What images do you have of athletics in early twentieth century America? Do you picture 1906 Ohio State University football fullback posing proudly in his letter sweater? Do you smell hotdogs and illegal "hootch" and feel the warmth of a raccoon coat? Or do you imagine baggy-clothed runners competing for the glory of Cornell. . . or Yale . . . or Harvard?

But what about this image - a beautiful spring afternoon, Wednesday, May 12,1909, at Lake Erie College. Girls in middies, bloomers, and wire-framed glasses dot the lawns. A few pause to watch participants line up for the 75-yard dash, while others show their green winner's ribbons to friends, Does this sound like athletics in early twentieth century America to you?

By 1911, athletics had become such a serious part of Lake Erie College life that Ruth Potwine, director of physical education, had to remind members of the Athletic Association that although Lake Erie College currently held second place in track for intercollegiate records, students should "continue to make athletics the real thing, not the whole thing."

But how had this interest in athletics developed? Why did Miss Potwine feel compelled to remind her students that college was more than athletics? What had happened to the notion of weak, frail women?

Lake Erie College had always included some form of physical activity within its curriculum since its founding in 1856. The very first college catalogue noted that calisthenics instruction would be available to all students who could attend. This interest was a legacy of Mary Lyon of Mount Holyoke College, who had long insisted that household duties were to be performed by students as part of their exercise program and that calisthenics were a useful exercise.

Laura L Rose was the first teacher of gymnastics at what was then still a seminary, but it was with the arrival of Miss Welton in 1889 that physical education became a reality. Miss Welton, a graduate of the Full Normal Course of the Allen Gymnasium in Boston, provided "systematic and progressive work in physical training" as a part of the regular seminary program,

By 1892, Bessie R. Haynes '94, complained in the Seminary Record that few students exhibited much enthusiasm for athletics, and suggested that "We have a large field which, at a small expense, might be made ready for use next summer . . . that the spring sunshine may rejoice over a field dotted with white tennis-courts, encircled by a beaten track where would-be sprinters run . . ."
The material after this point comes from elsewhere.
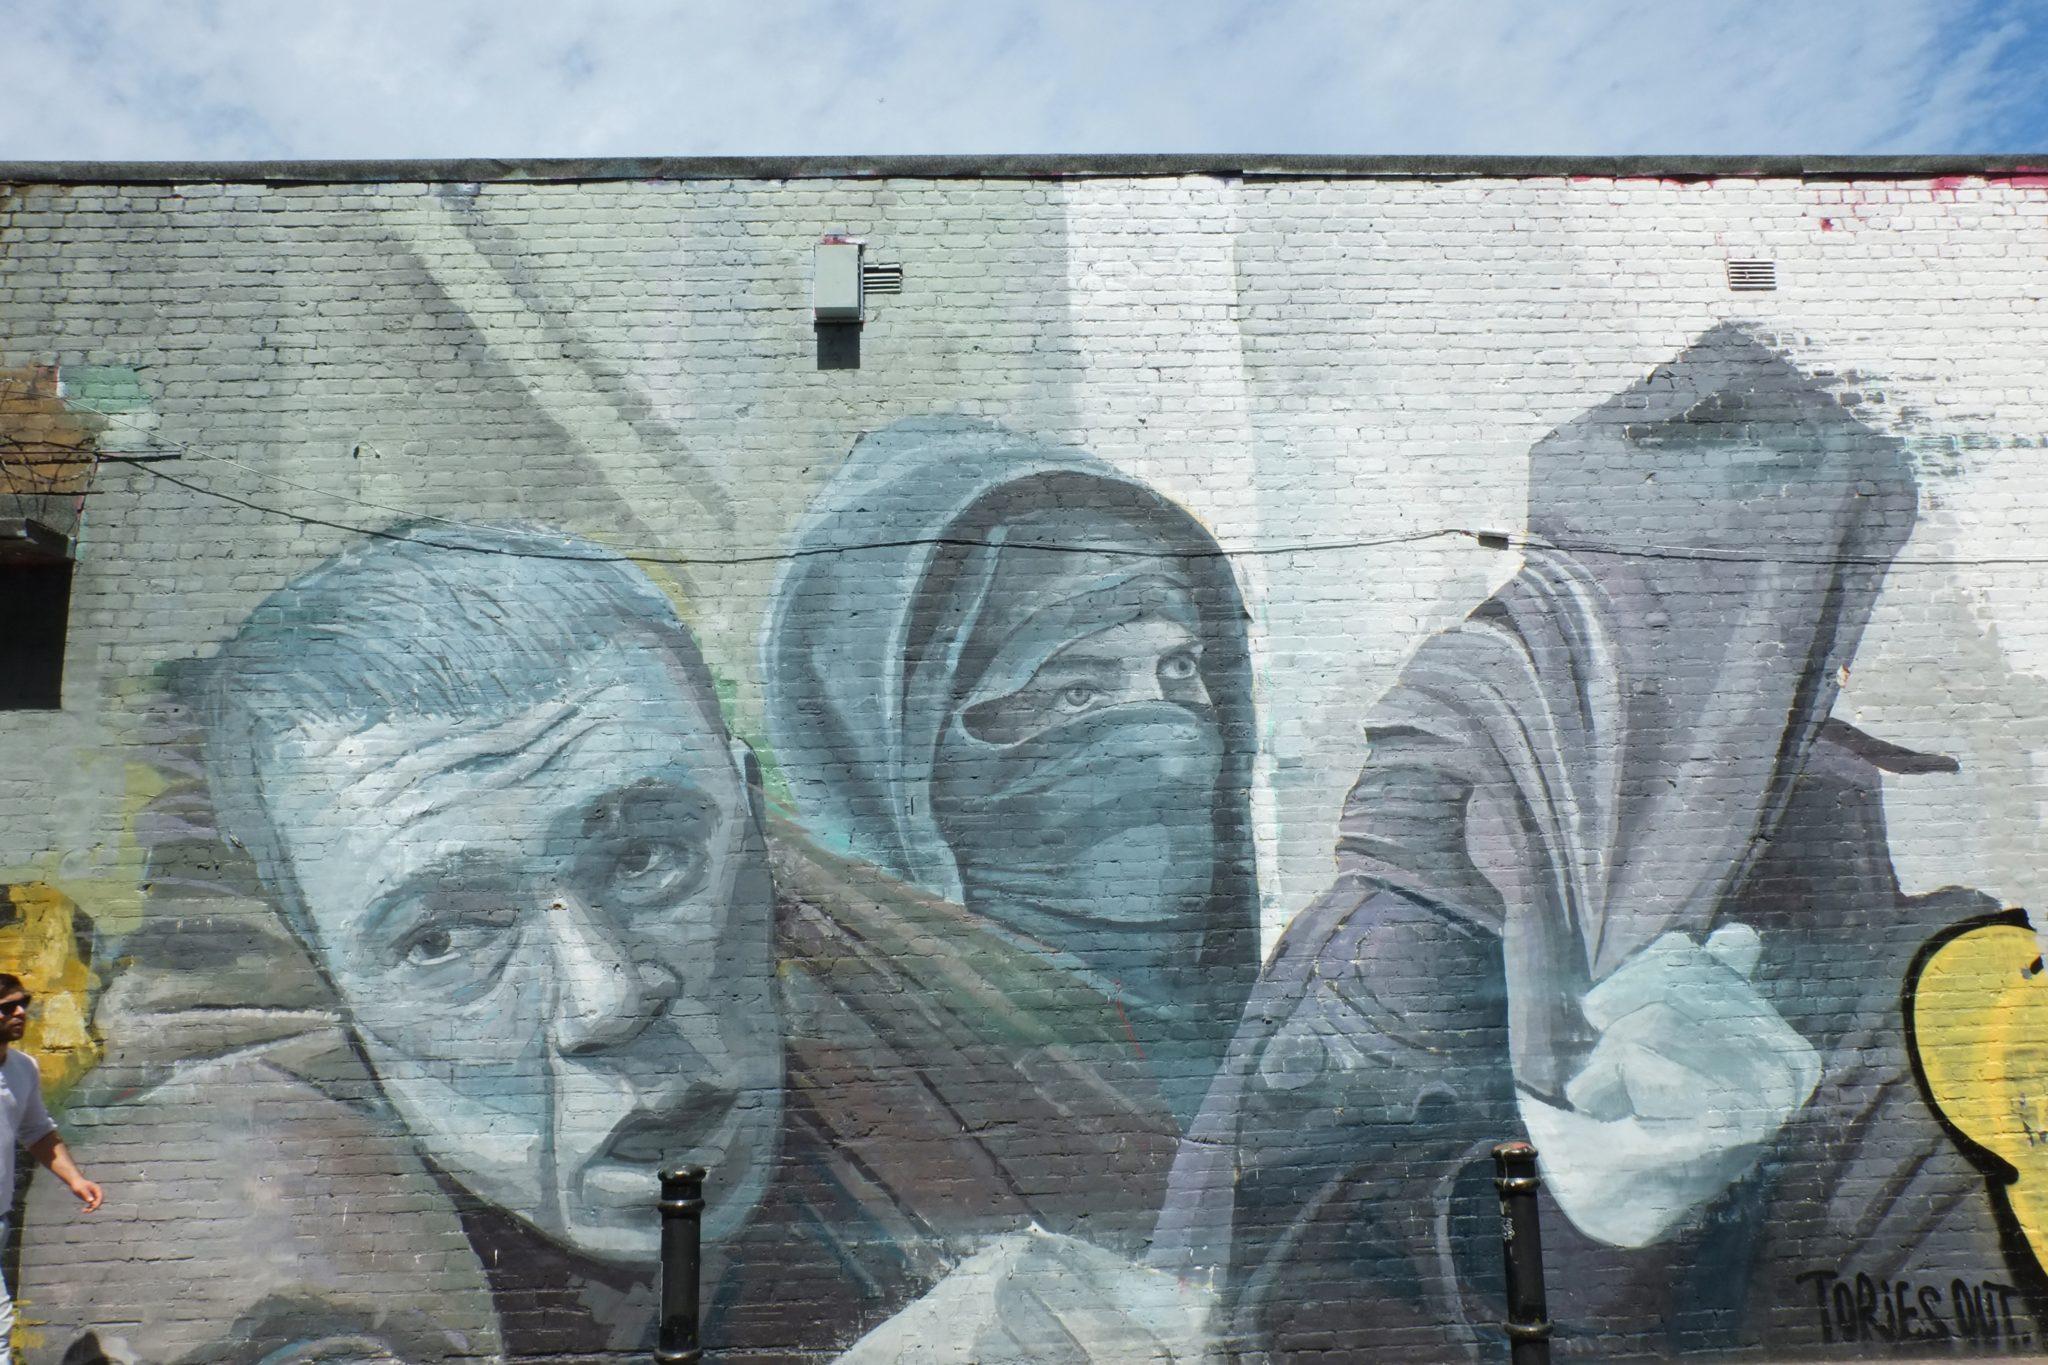 Mural street art in Brick Lane, London

Within a year, the Seminary Record noted that some changes had occurred. The Athletic Club was engaged in planned walks, and a Bicycle Club had been organized. Tennis courts were busy and "no hour of recreation on a suitable day passed without marking eager players on the ground." In 1895 the Athletic Association was welcomed formally, and the congratulatory editorial noted, "Nothing can more quickly advance mental activity than an well-developed physical body."

This comment marked the beginning of an amazing period in the history of Lake Erie College. From the late nineteenth century through the early years of World War II, significant athletic achievements were commonplace for the women of Lake Erie College, and athletic participation was considered an important and normal part of the college experience for women at the school.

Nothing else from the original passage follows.